洞房里,红烛烧得正旺,烛泪堆在铜盘子里,一层又一层,曹上前,一把掀了盖头。陈寒蕊低着头,闻到一股浓烈的酒气混着老烟枪的旱烟味,直冲脑门。


他岁数大了,可手劲不小,捏得人手腕发疼,接下来发生的事,谈不上温存,倒像是一场必须走完的过场。


没多会儿,他完事了,翻身躺下,不到几个呼吸的工夫,鼾声就响了起来,一声高过一声,震得帐子都在颤。

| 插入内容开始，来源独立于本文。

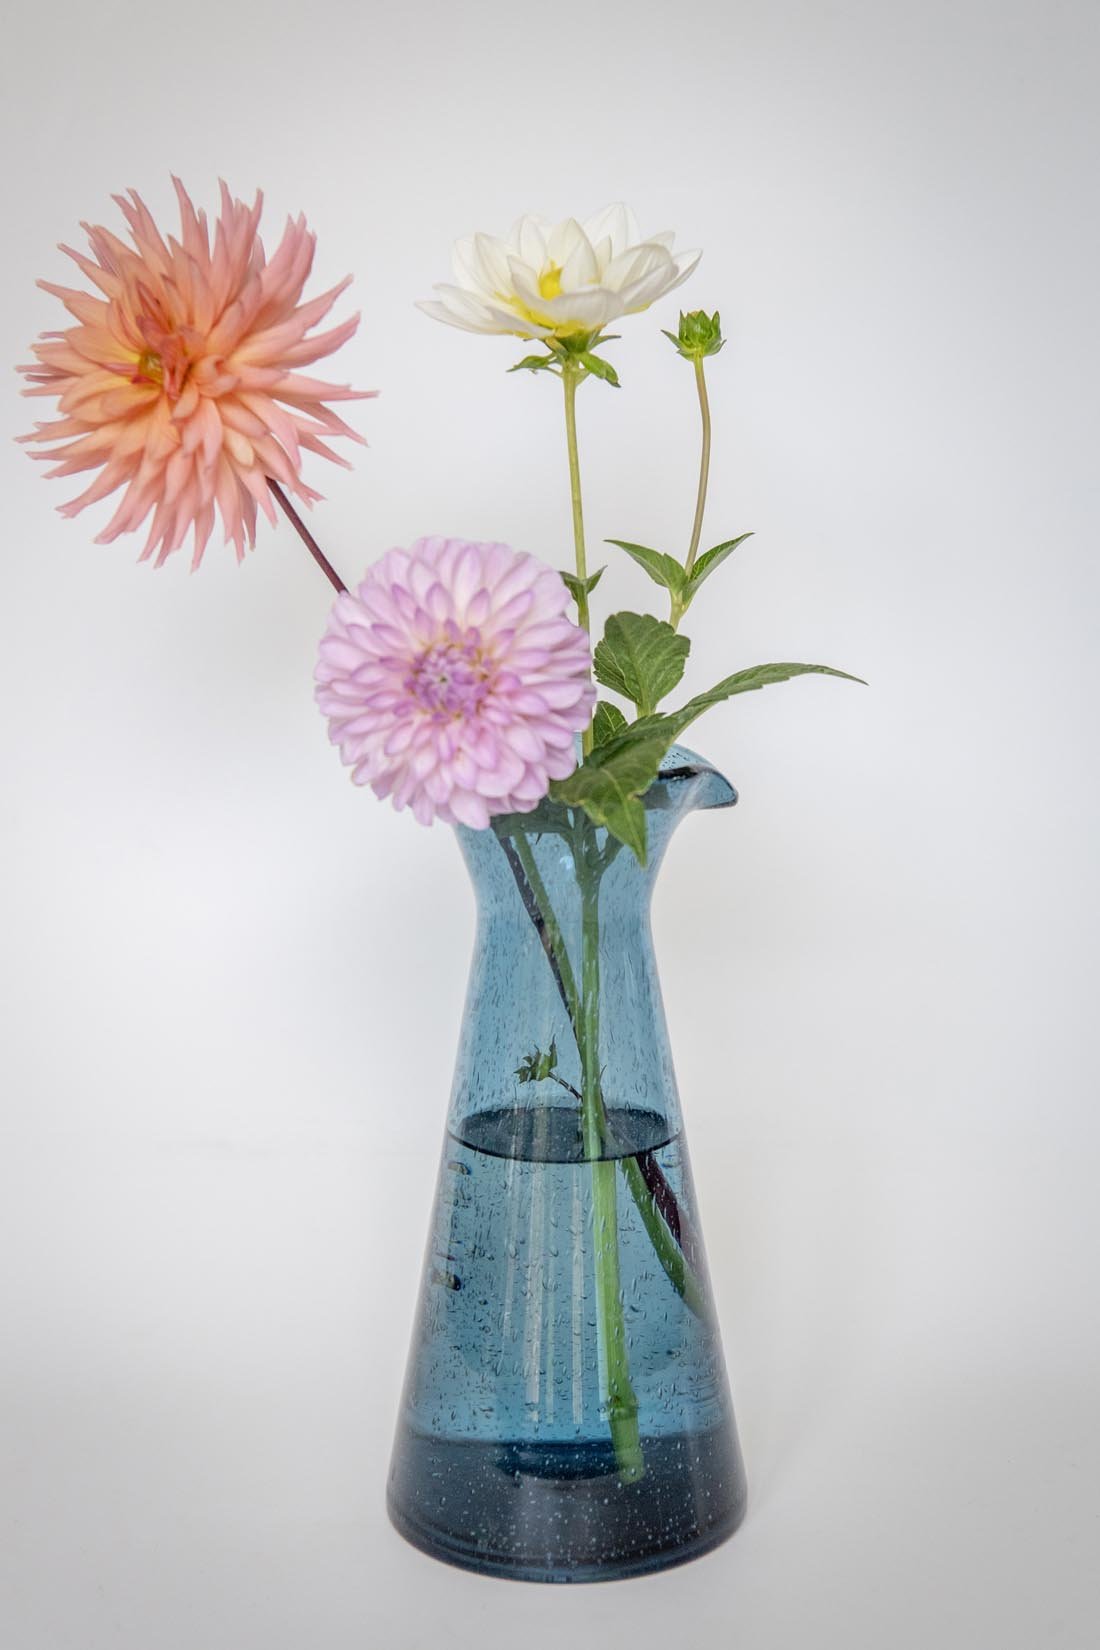 Glass pitcher Atlantic blue - Natalia Willmott
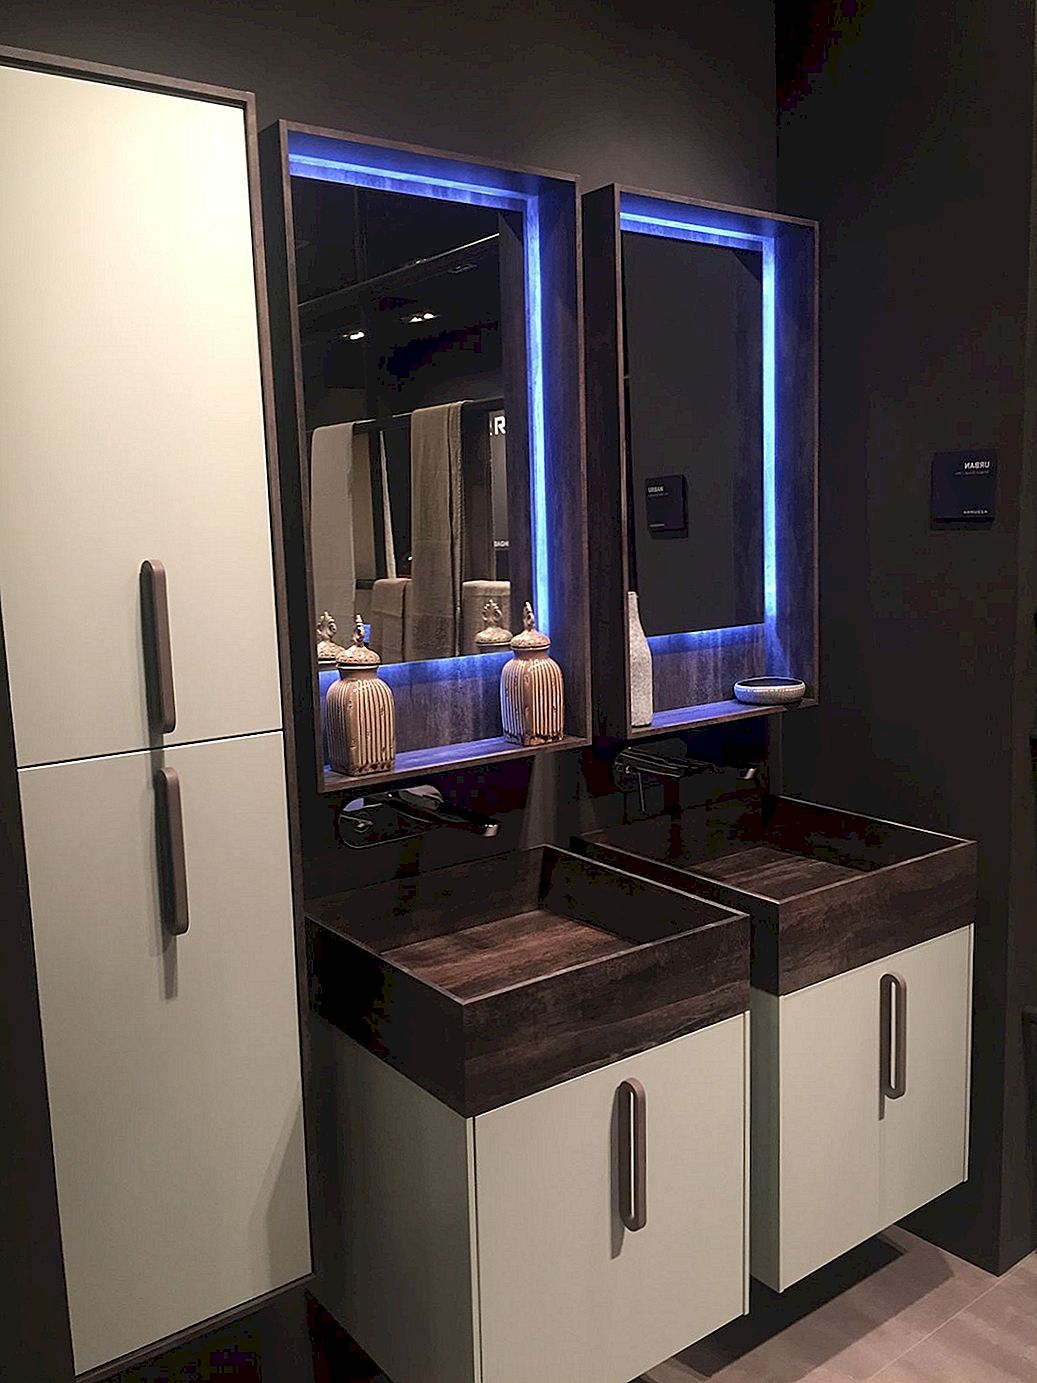 Moderni načini ukrašavanja modernog suvremenog kupaonica

陈寒蕊仰面躺在那儿,听着身边这个男人的鼾声,她微微侧过头,烛光正好照在他脸上。


年过半百的老头,头发稀疏,头顶泛着光,脸上的肉往下耷拉着,胡子没刮干净,灰白一片。


就是这个人,从此刻起,便是她的夫,她的天,她忽然想起出嫁前,母亲拉着她的手,只说了四个字“好生伺候”。伺候谁?怎么伺候?没人问她愿不愿意。


眼泪毫无征兆地涌了出来,她不敢出声,怕吵醒了这个睡梦中的煞星,只能死死咬住下唇,由着泪水顺着太阳穴滑进鬓角,又凉又痒。


她不敢抬手去擦,整个人僵在被褥里,帐子顶上绣着鸳鸯戏水的图案,针脚细密,红得刺眼。


她盯着那图案,心里头空荡荡的。


花轿进门时她还存着一丝侥幸,想着万一是个能托付的呢?可眼下这呼噜声,这满屋子的酒臭,这一夜都等不到天亮的漫长,把那点侥幸碾得粉碎。


她哭什么呢?哭自己才二十岁,便要和这个能当自己爹的人同床共枕;哭父亲在堂前数着彩礼时笑出的满脸褶子;哭这世道女子的命,原就是家族账簿上的一行数字。


外头隐隐还有宾客嬉闹的声音,那热闹隔着几道墙传进来,仿佛与她无关。她的世界,从今晚起,就缩到了这盏孤灯、半床锦被和一个呼呼大睡的老头身上。


说起曹锟,天津卫的老人都知道,这人从小站练兵起跟着袁世凯,一路从布衣爬到统制,靠的是敢打敢拼,也靠的是一身圆滑世故。


他在军中爱兵如子那是假的,克扣军饷、中饱私囊倒是真的。


后来他能花上大笔银子贿选总统,也可见此人一贯的信条,这世上没有钱摆不平的事,若摆不平,那是价码不够。


娶陈寒蕊,在他眼里不过是一桩双赢的买卖,陈家出钱出粮,他出庇护,顺道添一房年轻的暖被窝,各取所需,天公地道。


可陈寒蕊不是账本,她是一个活生生的人,会疼,会怕,会在深夜里无声地流泪。


把时间往后拨十年,1923年,曹锟真的搬进了新华宫,当上了中华民国的大总统。那笔钱从哪来?少不了各路军饷、商捐,也少不了陈家这样的姻亲在背后的输诚。


权力和金钱在北洋的夜色里勾肩搭背,而像陈寒蕊这样的女子,不过是契约上一个模糊的墨点,连自己的姓名都快保不住了。


这种旧戏码,直到今天,在某些角落里似乎还能瞥见影子。


世界新闻里,偶或还能读到某国军阀与财阀联姻、选举沦为标会、弱势者被摆上货架的消息。


只不过,陈寒蕊们流过的泪,在中国这片土地上,早已随着那个旧时代一起风干在了寒风里。


后来曹锟失势,陈氏跟着他做寓公,晚景倒也衣食无虞。


据说某个冬夜,天津又起了风,她独自坐在炉边,看着跳动的火苗,忽然对身边的丫头说,当年洞房里那两根蜡烛,烧得真快。话没说完,便住了口。


1912年那个晚上,红烛燃尽,蜡油凝成了两座小小的坟。陈寒蕊的哭声很轻,被北洋的寒风一裹,消散得无影无踪。